Although several genetic and molecular markers have been proven to be correlated with patient prognoses [25, 29], we did not select them as potential variables. Because we aimed to build a clinically generalizable architecture that might be used in data-poor situations, the indicators we selected were clinically applicable and had small heterogeneity among patients. In addition, to avoid selection bias and limitations, we avoided the TNM stage-centric impasse by inputting a large number of potential variables into our work, allowing the ML algorithms to screen the important variables that performed best. Furthermore, there were no missing values in our database, which prevented bias caused by improper filling of missing values. We controlled potential confounding factors as much as possible. We randomly grouped the patients into training sets and testing sets to avoid selection biases. Furthermore, we explored the different baseline characteristics between the two sets and found almost no significant differences. Therefore, we did not further explore the potential confounding factors.
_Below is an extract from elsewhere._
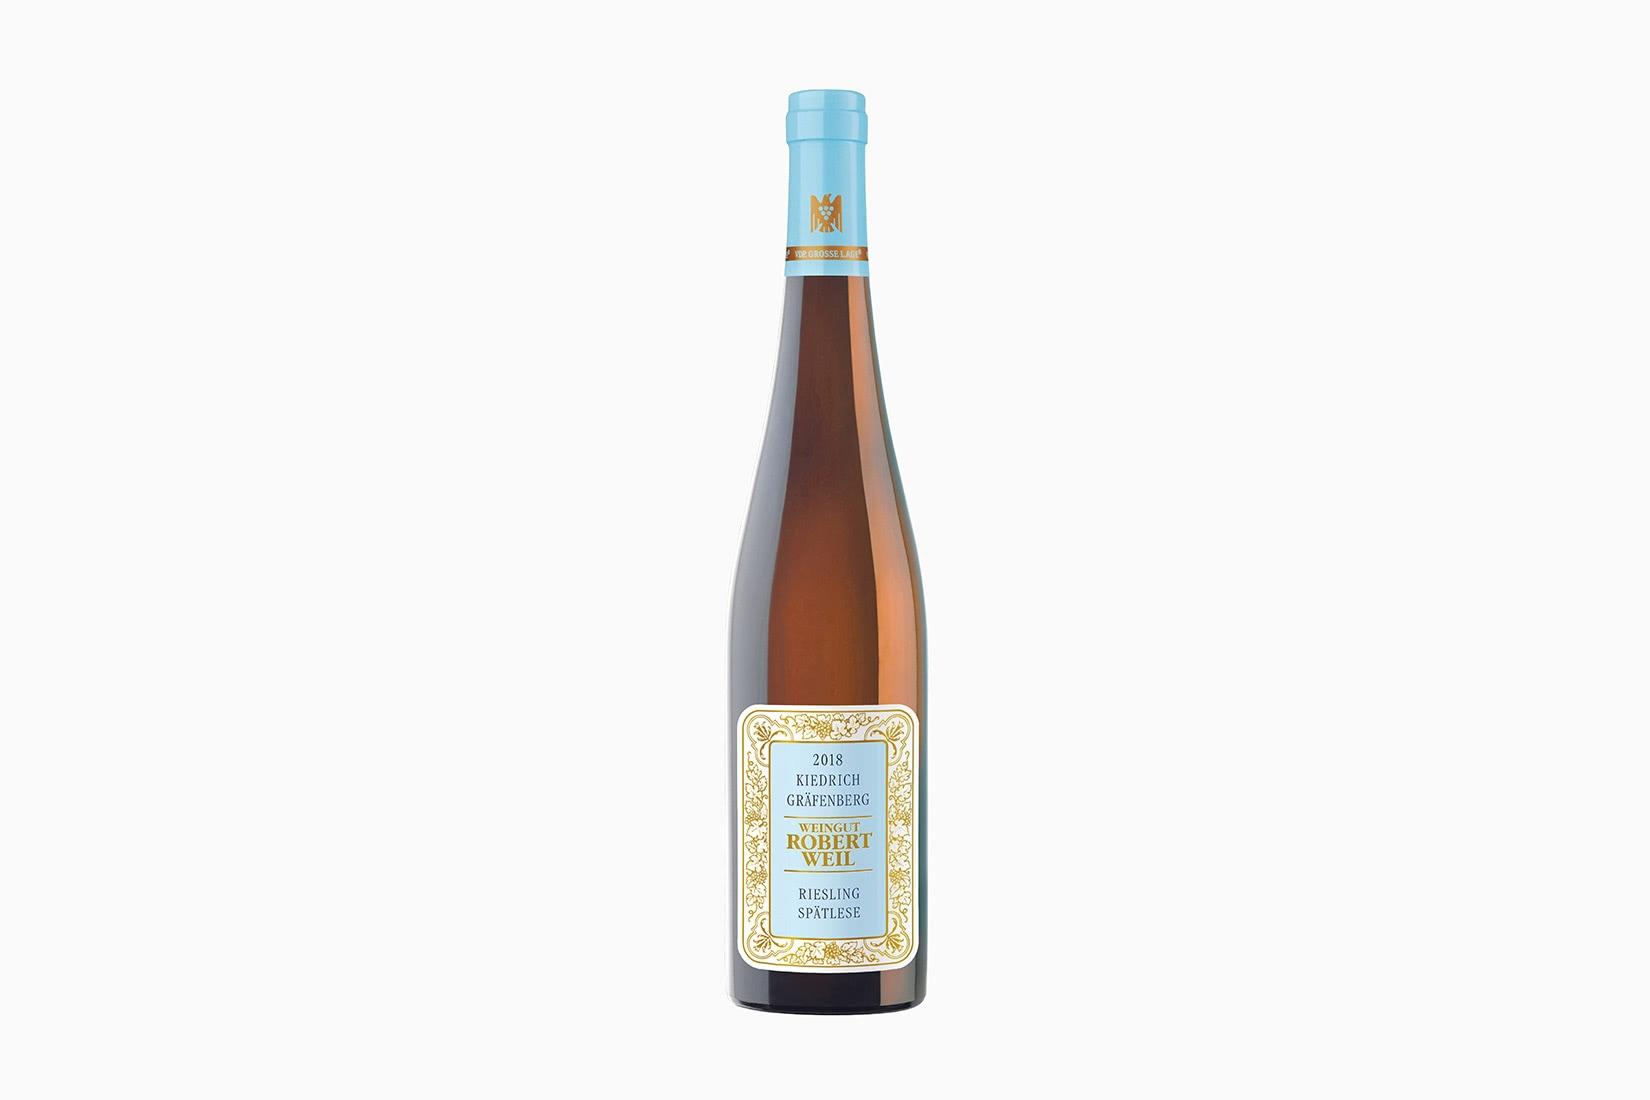 best wine robert weil kiedrich grafenberg riesling spatlese - Luxe Digital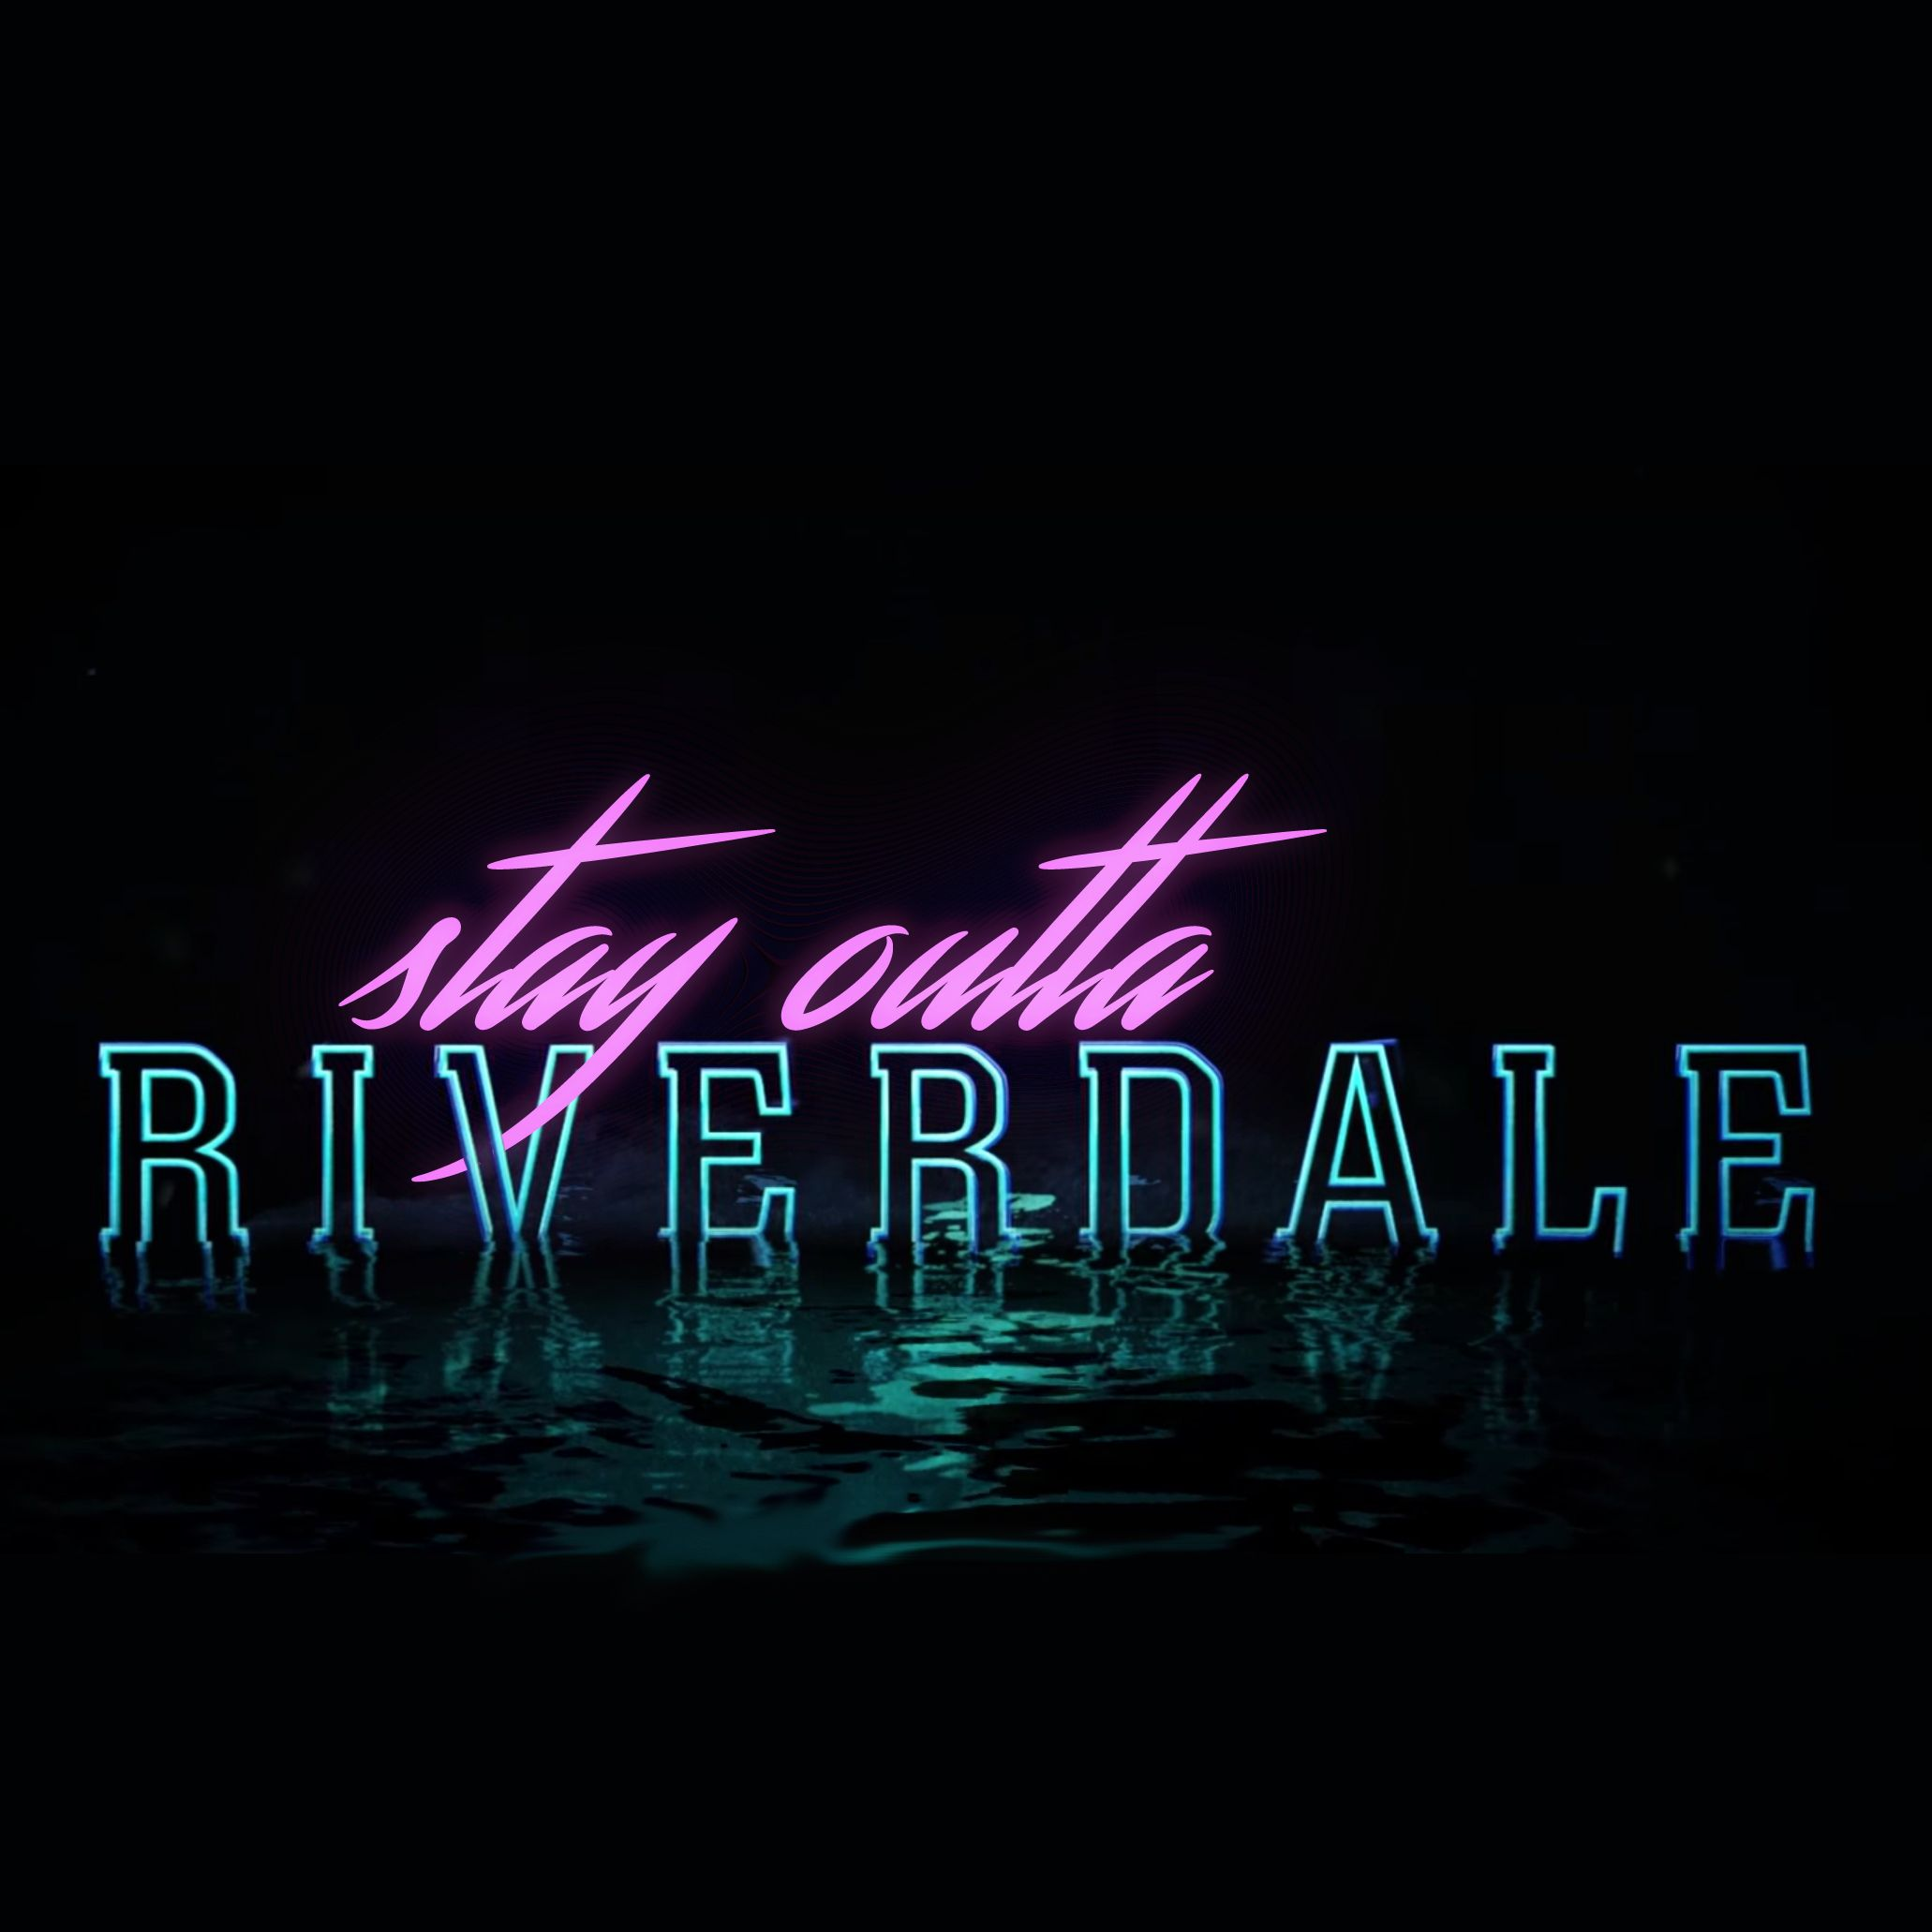 Riverdale Wallpaper

However, related investigations are valuable and need to be conducted in the future.
We managed to choose patients with a clear medical history before the operation who underwent curative initial treatment, so we excluded stage I, II, and III CRC patients who had neoadjuvant chemoradiotherapy (which may lead to a vague history). Patients with stage IV CRC who were not eligible for radical surgery were also excluded. However, the history of postoperative adjuvant chemoradiotherapies in our patients was unclear. Consequently, the model might be a rough reference when physicians at higher-level hospitals are redesigning treatment strategies for patients from lower-level hospitals with unclear postoperation radiotherapy and chemotherapy histories. Treatment options for these patients are difficult to determine, and it is difficult for oncologists to obtain references from previous studies that stratify patients by chemotherapy regimens. Moreover, to avoid bias, we excluded patients who did not have endpoint data. When applying our architecture, patients predicted to not have outcomes would be classified as greater than 5 years (equivalent to oncological recurrence). To further avoid the bias caused by the time duration as endpoints, we cautiously excluded patients with long follow-up intervals and patients with clarified noncancer-specific deaths. In addition, the number of patients with tumor recurrence was the smallest; therefore, after strict 9:1 classification, the sample size for testing in the RFS model was still small.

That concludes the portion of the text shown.